Some in Sierra Leone ran away from their homes Saturday and others clashed with health workers trying to bury dead Ebola victims as the country struggled through the second day of an unprecedented lockdown to combat the deadly disease.
Despite these setbacks, officials said most of Sierra Leone’s 6 million people were complying with orders to stay at home as nearly 30,000 volunteers and health care workers fanned out across the country to distribute soap and information on how to prevent Ebola.
The virus, spread by contact with bodily fluids, has killed than 560 people in Sierra Leone and more than 2,600 in West Africa since the outbreak began last December, according to the World Health Organization. It is killing about half of the people it infects.
The streets of the capital, Freetown, were empty Saturday except for the four-person teams going door to door with kits bearing soap, cards listing Ebola symptoms, stickers to mark houses visited and a tally to record suspected cases.
Among the volunteers was Idrissa Kargbo, a well-known marathoner who has qualified for races on three continents but whose training and career have been stymied by the outbreak.
Although early responses to the disease have been marred by suspicion of health workers, Freetown residents on Saturday seemed grateful for any information they could get, Kargbo told The Associated Press.
“Some people are still denying, but now when you go to almost any house they say, `Come inside, come and teach us what we need to do to prevent,'” Kargbo said. “Nobody is annoyed by us.”
Sierra Leone’s government is clearly hoping the lockdown will help turn the tide against the disease which the U.N. health agency estimates will take many months to eradicate in the country. In a speech before the lockdown, President Ernest Bai Koroma said “the survival and dignity of each and every Sierra Leonean” was at stake.
The strategy has drawn criticism, however. The charity group Doctors Without Borders warned it would be “extremely difficult for health workers to accurately identify cases through door-to-door screening.”
Even if suspected cases are identified during the lockdown, the group said Sierra Leone doesn’t have enough beds to treat them.
In a district 20 kilometers (12 miles) east of Freetown, police were called in Saturday to help a burial team that came under attack by residents as they were trying to bury the bodies of five Ebola victims, Sgt. Edward Momoh Brima Lahai said.
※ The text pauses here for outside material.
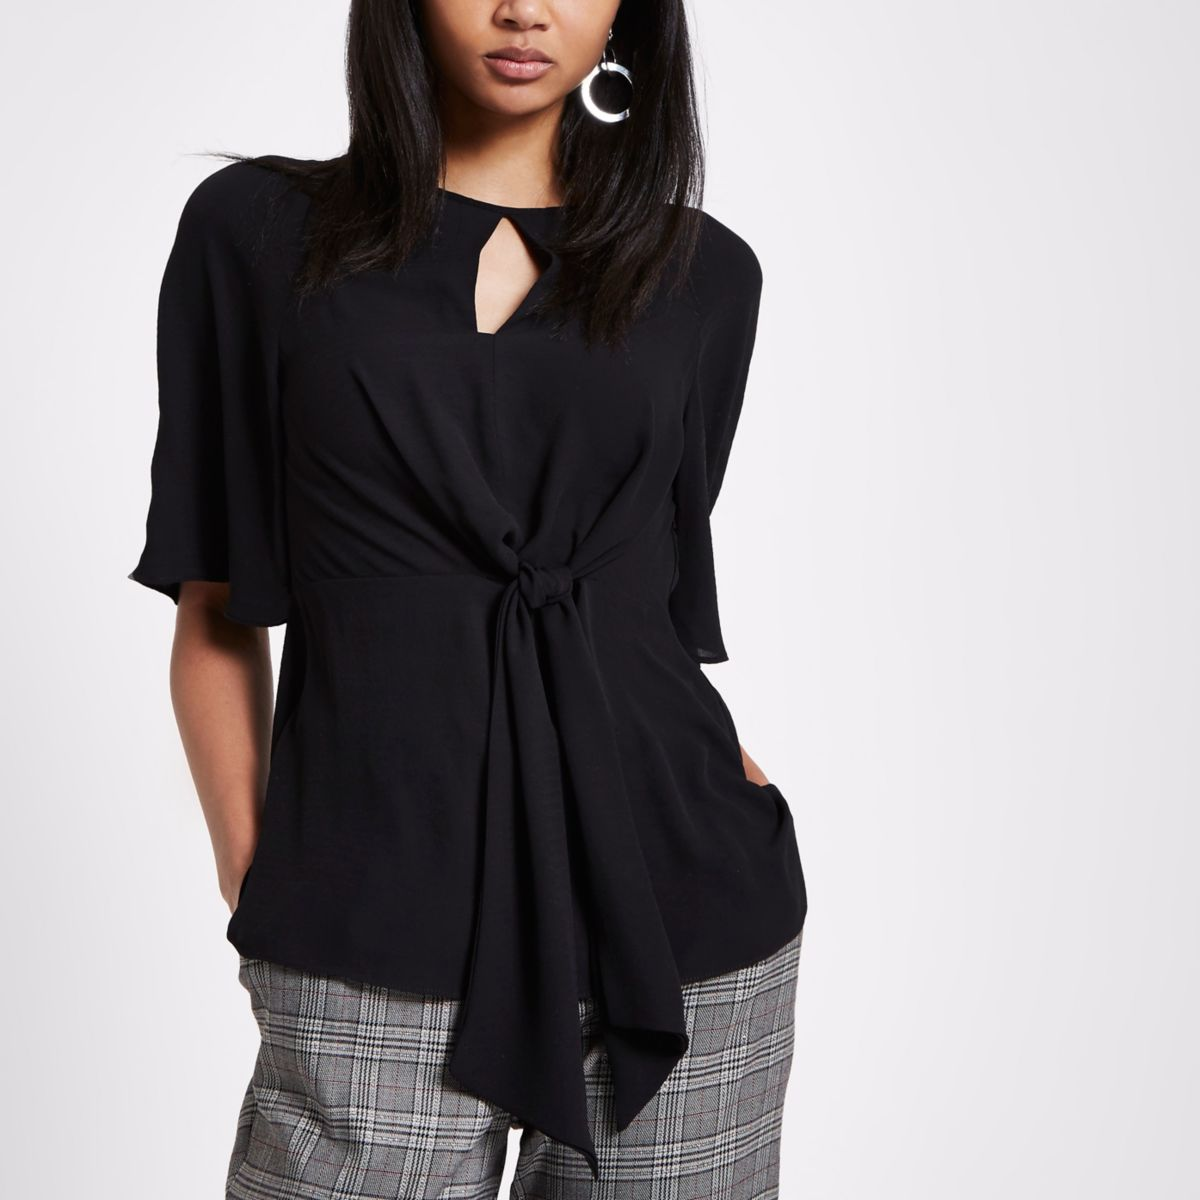 Schwarze, kurzärmlige Bluse

A witness told state television the burial team initially had to abandon the five bodies in the street and flee. Lahai said later the burials were successfully completed after police reinforcements arrived. The bodies of Ebola victims are very contagious and must be buried by special teams.
In northern Sierra Leone, health worker Lamin Unisa Camara said Saturday he had received reports that some residents had run away from their homes to avoid being trapped inside during the lockdown.
“People were running from their houses to the bush. Without wasting time, I informed the chief in charge of the area,” said Camara, who was working in the town of Kambia.
Several health care workers and volunteers complained that supply kits were delivered late, preventing their teams from starting on time.
But Kargbo, the marathoner, said his team was on track to meet its goal of visiting 60 households by the end of the lockdown Sunday. He said the effort would be worth it if the outbreak is shortened even a little.
Other Freetown residents, however, were having trouble making it through the three days.
“The fact is that we were not happy with the three days, but the president declared that we must sit home,” said Abdul Koroma, the father of nine children in Freetown.
“I want to go and find (something) for my children eat, but I do not have the chance,” he said.